Ancient Chinese manuscripts

The Anhui University Bamboo Strips (安徽大學竹簡), also known as Anda Bamboo Strips (安大簡) is a corpus of manuscripts purchased by the Anhui University in 2015, and currently under publication. Since the corpus comes from illegal excavations, specifics about its recovery are lost. Through radiocarbon dating analysis conducted at Peking University, the material has been dated to the Warring States period (approximately 330 BC). It is yet another discovery that enriches scholarly understanding of this ancient era, alongside other recoveries, such as the Guodian collection, the Shanghai Museum Collection, and the Tsinghua corpus.

== Overview ==
According to preliminary publications, the corpus includes 1,167 strips, in fairly good conditions, with length ranging from 21.3 to 48.5 cm. The editors in charge of curating and publishing the collection divided the material into four groups.

1. A manuscript version of partial content in the Book of Odes.
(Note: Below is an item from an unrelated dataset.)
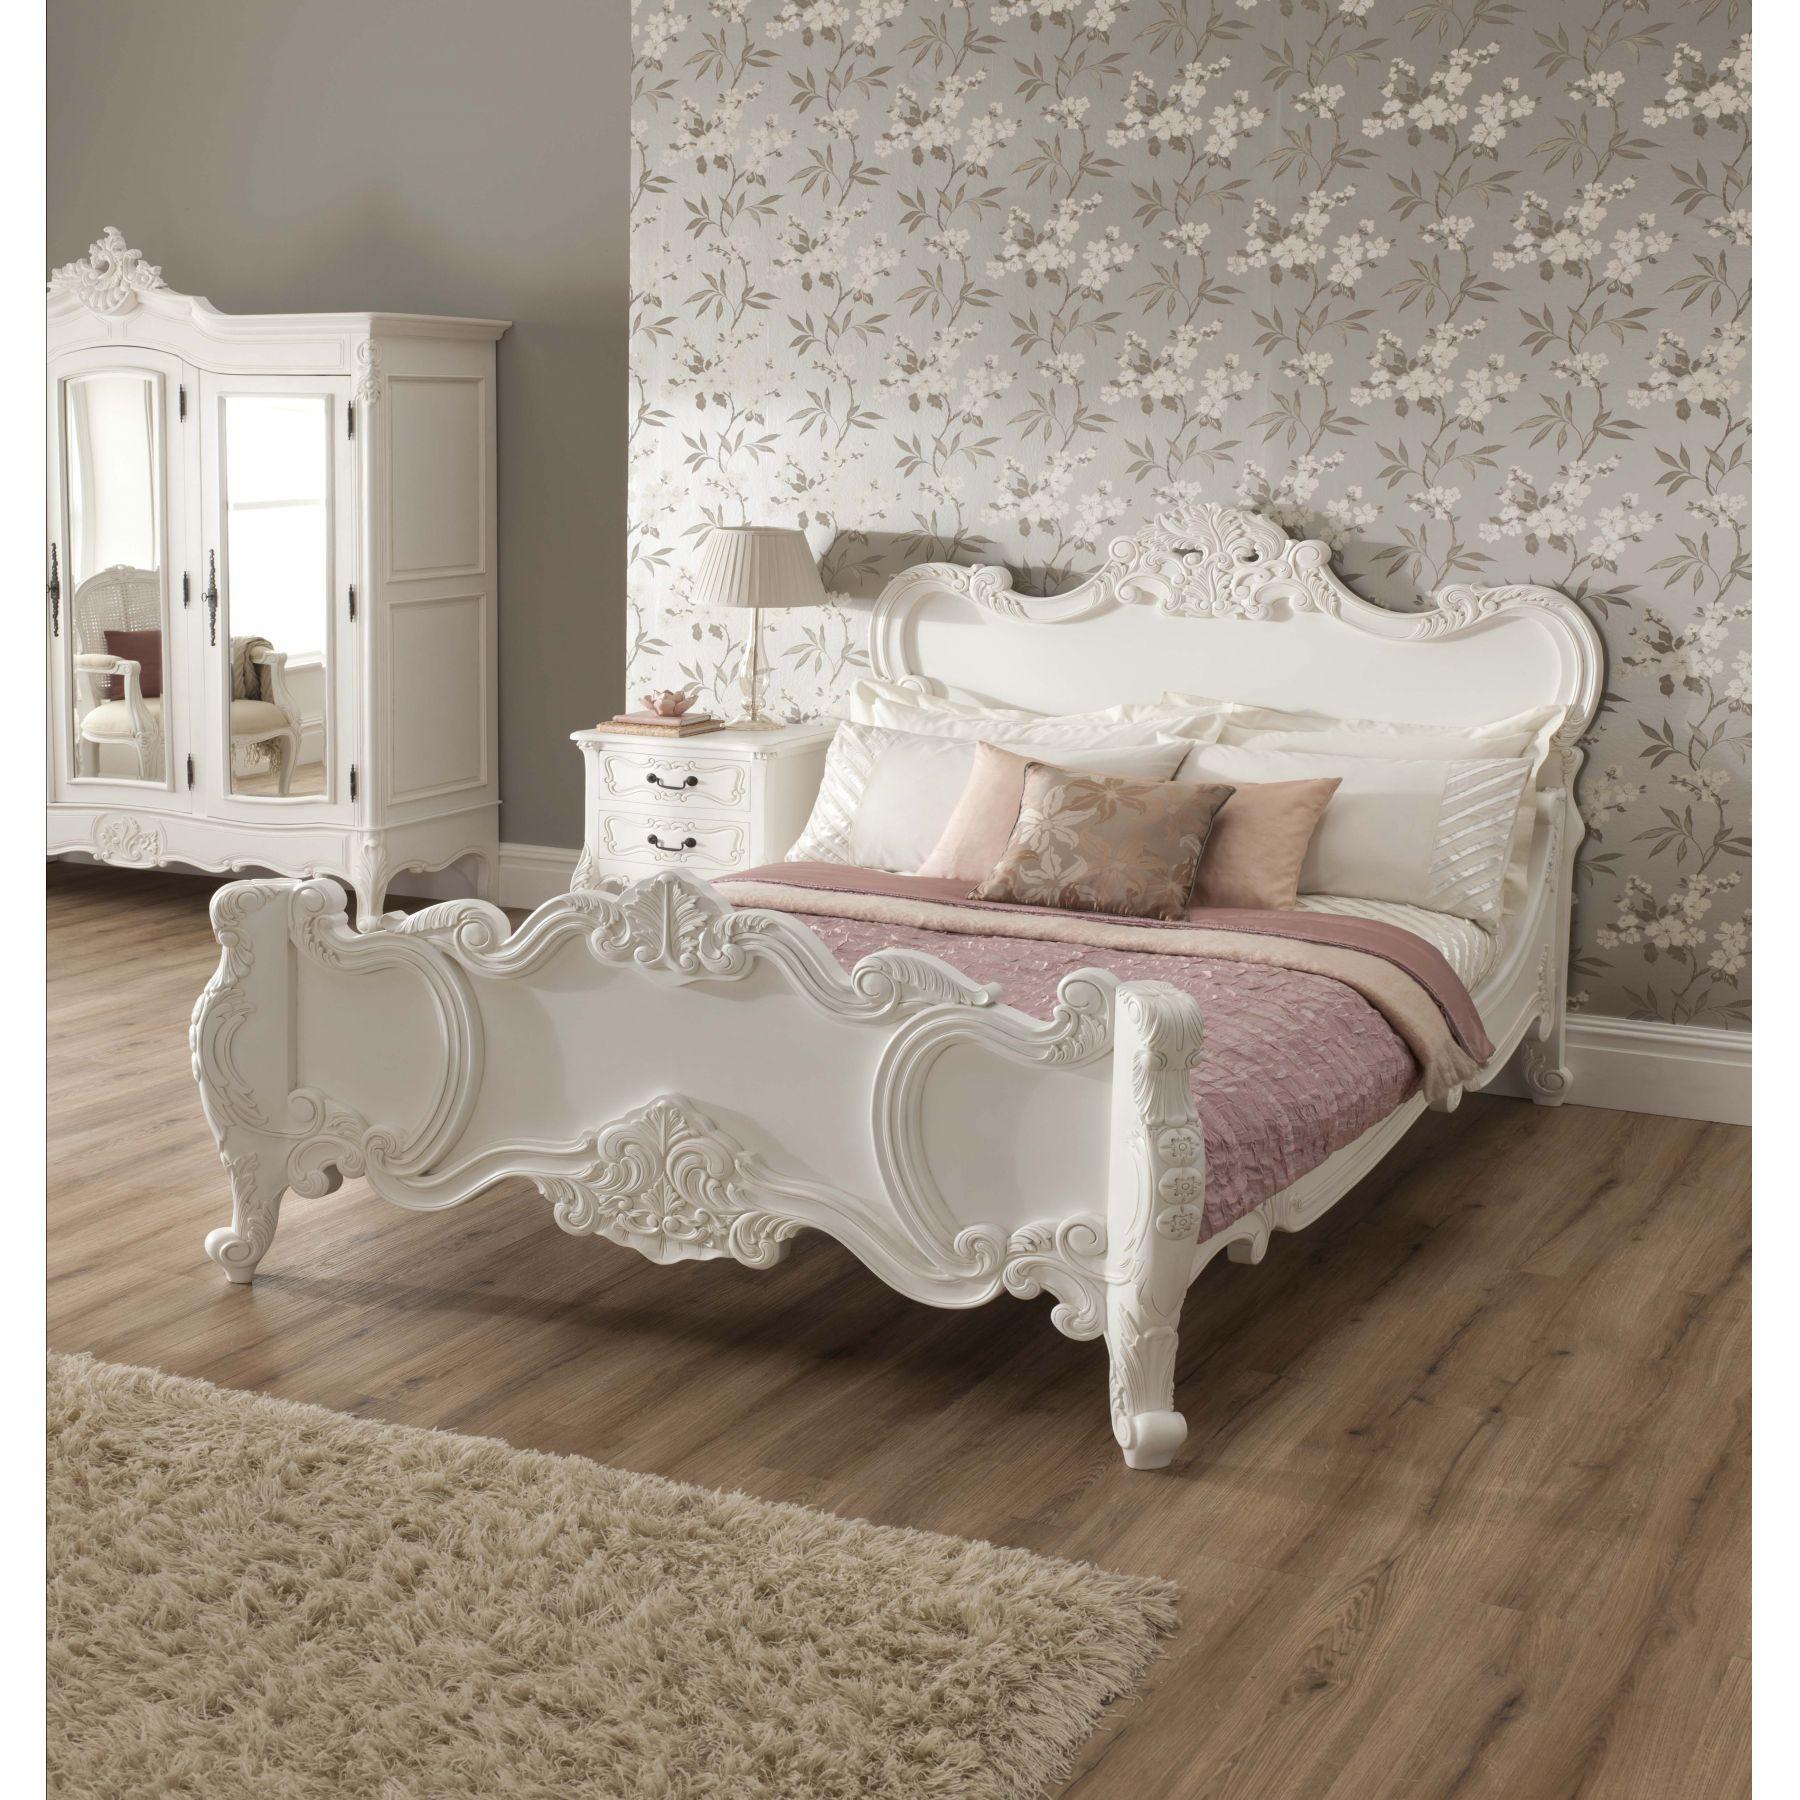 Shabby Chic Bedroom Set
 Vintage Your Room with 9 Shabby Chic Bedroom Furniture

This is the first one published by the editor, in the first volume Anhui daxue cang Zhanguo zhujian (yi) 安徽大學藏戰國竹簡 (—).
2. Circa 450 strips related to history of the state of Chu. This group is further subdivided into two sections on the basis of writing style: a section of 300 strips, covering the bureaucratic structure of the Chu state, and a section of circa 150 strips recording historical events.
3. A group of philosophical texts, of circa 376 strips. This includes sayings attributed to Confucius, some of which previously known from the Lunyu, and some of which previously unknown. There are also writings on how the noble person (君子) ought to behave, a parallel version of the Shanghai Museum manuscript Cao Mo zhi zhen 曹沫之陳, and writings related to the text that goes by the name of its alleged authors, Mozi and the Zhuangzi.
4. Material similar or related to the Chu Ci, in two groups of 24 and 27 strips each.

The remaining material cover topics of oneiromancy and physiognomy.

== Content ==

- The first volume Anhui daxue cang Zhanguo zhujian (yi) 安徽大學藏戰國竹簡（一）was published in 2019. The editors collected strips that represented a section of the Book of Odes. This manuscript initially comprised 117 numbered strips, of which only 93 survive. It preserves a total of 57 odes, and three more can be reconstructed. The first issue of volume 4 of the journal Bamboo and Silk collects studies of this first manuscripts.
- According to preliminary reports, the second volume will include a manuscript titled Zhongni 仲尼 (courtesy name of Confucius 孔子) by the editors. The manuscript is of 13 strips, around 43 cm long and with a 0.6 width. Strips 1 to 7 are numbered on the verso side, and there are writings on the verso of strips 7, 8, and 12. Albeit not titled, the manuscript covers content related to the transmitted Analects 論語. For example, strip 7 reads "仲尼曰：古之學者自為，今之學為人"; Analects 14.24 reads "子曰：古之學者為己，今之學者為人。" While the content conveyed is the same, the manuscript shows a degree of stability at the level of individual sayings, and occasionally some clusters. The arrangement in chapters, when compared to the transmitted Analects, differs. This situation differs from the arrangement of content in the case of the Odes, whose sections and ode sequence are more stable. The second volume was published in 2022.
- A version of the text Cao Mie zhi zhen 曹沫之陣, known in the scholarship as one of the manuscripts of the Shanghai Museum collection (published in volume 4). The Anhui University version is of 44 strips, 2 fewer than the Shanghai Museum version. In both cases, the title has been assigned by the editors. They are circa 48.5 cm long, and 0.6 in width; each strip has circa 45 characters per strip (as opposed to the 33 characters per strip in the Shanghai version). The verso side has cuts, although they do not appear to give a single continuous line. Like the Shanghai Cao Mie zhi zhen, this new manuscript narrates a dialogue between Duke Zhuang of Lu 鲁莊公 and his advisor Cao Mie 曹沫. The two manuscripts have both lexical and graphic variations.